We’re now at a point where it’s possible to say that almost all of the Windsor Framework’s numerous elements are now either fully adopted or (for a handful of pieces of EU legislation) in the process of agreement.
That might make for a nicely-coloured graphic, but what does it actually mean on the ground?
As various people noted when I tweeted this out, having the legal adoption of a text doesn’t immediately mean it comes into effect, something that was being noted by the witnesses at the Lords Protocol Sub-Committee evidence session yesterday.
Partly that’s because of the provisions of the decisions themselves.
Article 23 of Joint Committee Decision 1/2023 (the key document in all this) sets out a number of different dates for entry into force of provisions. The default date is 30 September 2023, with only a handful of elements immediately in force.
It’s also worth noting that that default date only produces an entry into force if the EU is satisfied about access to UK information, EORI paperwork is correctly issued, the UK has guidelines in place on parcels and NI-GB goods export. No satisfaction, no operationalisation of the provisions.
There’s another reason too, namely the lack of UK documentation to clarify process (h/t to @irishagreement for this).
The government’s Border Target Operating Model will be the new standard system for goods movements across the UK’s borders, but this will only fully come into effect at end October 2024. Moreover, it specifically notes the Windsor Framework’s agreement and says new arrangements will be forthcoming ‘later this year’.
In both cases, the focus returns to UK capacity, rather than EU-UK agreement per se.
This was largely obscured during the time of the Johnson administration: the policy of contesting the Withdrawal Agreement’s provision (and status) meant that building effective systems necessarily took a bit of a back seat.
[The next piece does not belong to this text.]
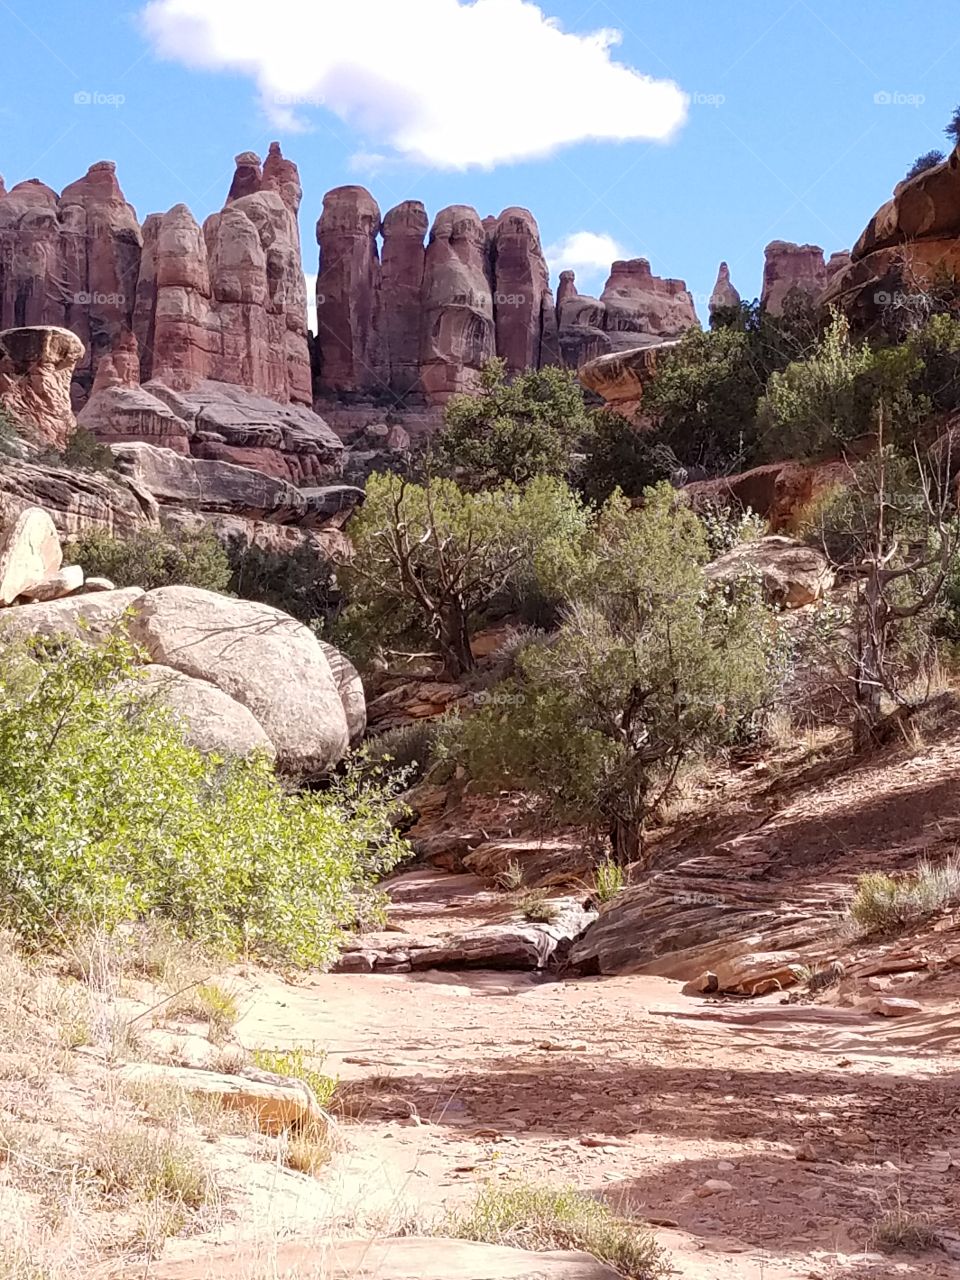 Hiking through needles at canyon

This January’s agreement on a basic system of information-sharing can only be partly explained by the technical issues involved.
But IT is only one part of the infrastructure and process involved, as the Border Target Operating Model makes clear. From the EU’s perspective, making sure that this is all in place is understandably important, given the need to protect against any future backsliding by a UK government that doesn’t have a perfect record (and that might be out of office relatively soon).
This would have been the case even without Windsor: last year’s infringement procedures (now suspended) were precisely about such issues.
Even at arm’s length, interaction with the EU comes with obligations, something that will only become more evident as new areas of cooperation are developed.